OCR Investigations and Review:

If you have a breach that triggers an investigation by OCR, be certain to promptly respond as to what happened, how it happened, what was done to mitigate outcomes, and what has been implemented to prevent a future occurrence.  Be certain to identify the fact you have a full Compliance Program in place. Identify that all employees have routine education re Compliance and HIPAA.

If documents are requested, your counsel may request confidentiality for those documents being sent to OCR. Create and maintain a log of events, complete with dates, times, and people involved throughout the entire investigation process. Save all electronic documents. Keep statements by all employees involved in the incident and the investigation. Obtain counsel’s advice as to phone conversations with OCR as written correspondence maintains an investigation trail.

Focus on internal compliance.
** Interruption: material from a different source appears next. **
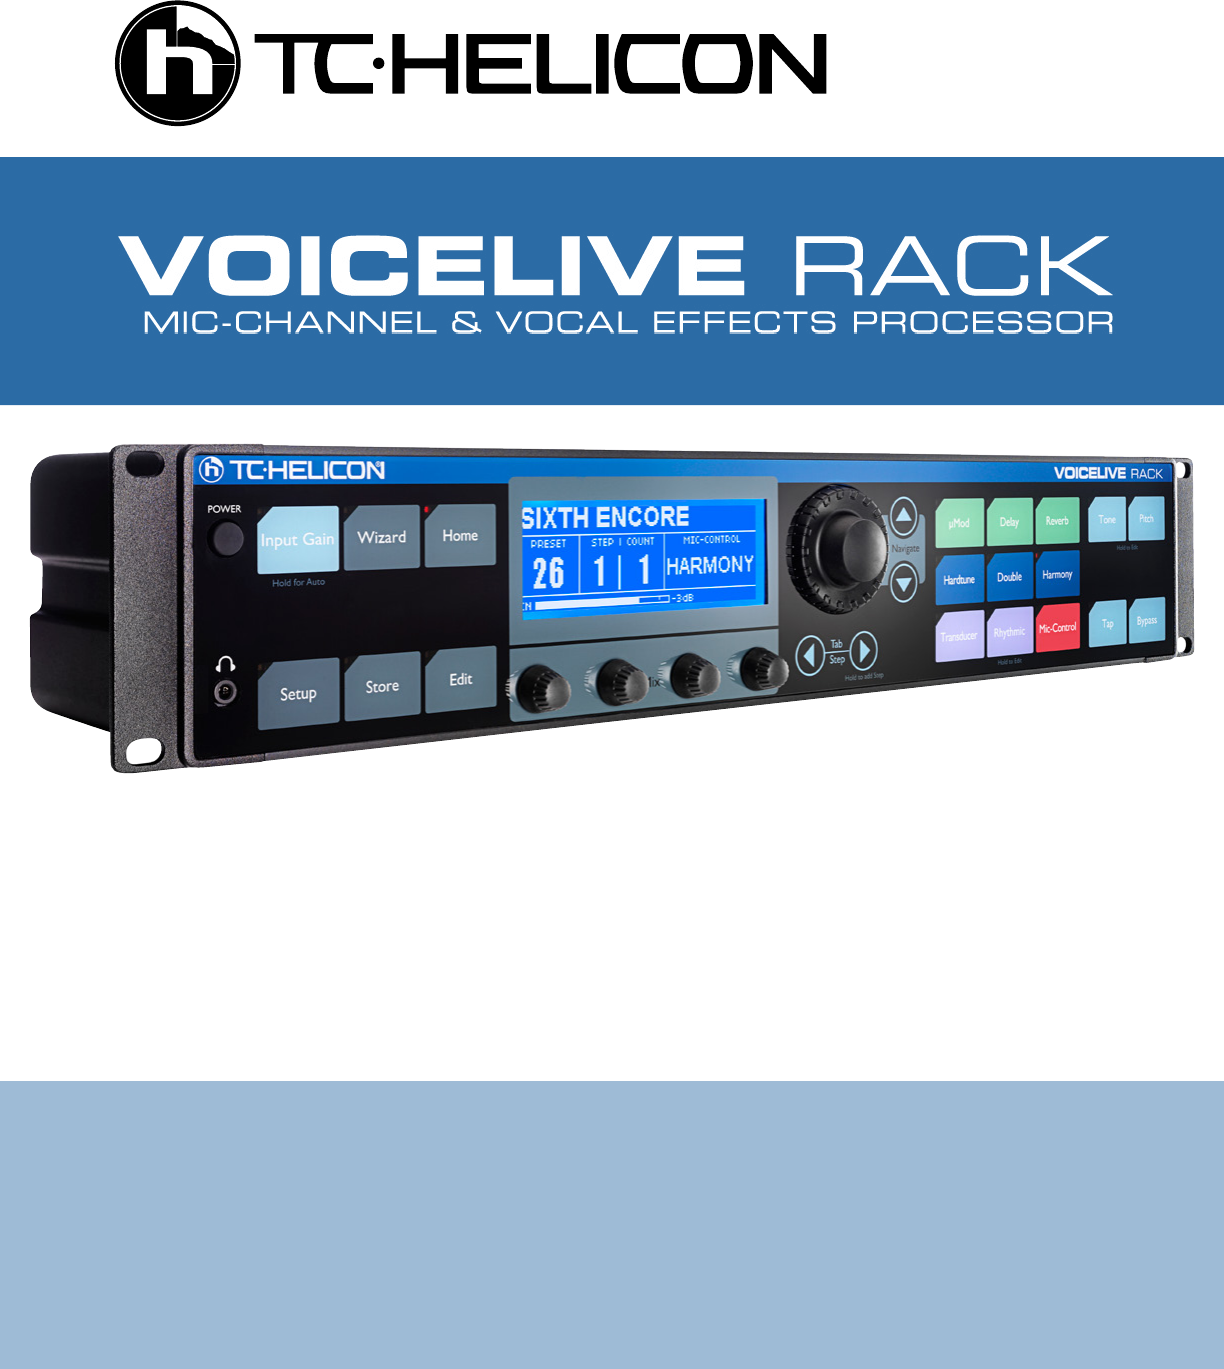 Manual Tc Helicon Voicelive Rack Page 1 Of English

If there is a HIPAA breach, there must be remediation/education regarding the process and the prevention of a reoccurrence.

Summary:

  • Keep your plan objectives current.
  • Identify who is responsible for the audits and establish times and how findings will be transmitted.
  • Have corrective action plans in place.
  • Include documentation of audits, results, and remediation/corrective action/education
  • Report findings to the BOD, leadership, and counsel.
  • If there is an OCR audit/investigation have a team established to quickly respond, pull data, analyze, and report.
  • Have an ongoing risk analysis performed as specified by policy. Be certain the risk analysis encompasses the technical requirements of the Security Rule.
  • Be certain the Risk Analysis is well documented. Be certain the plan for mitigation of any adverse findings is in place.

Like the clinical documentation rule, “if it wasn’t documented you did not do it,” so it is true here also. Document each step of the plan. If ever there is an audit, the fact a full compliance plan is in place in your agency including a HIPAA Privacy and Security review, can speak volumes about you and your organization.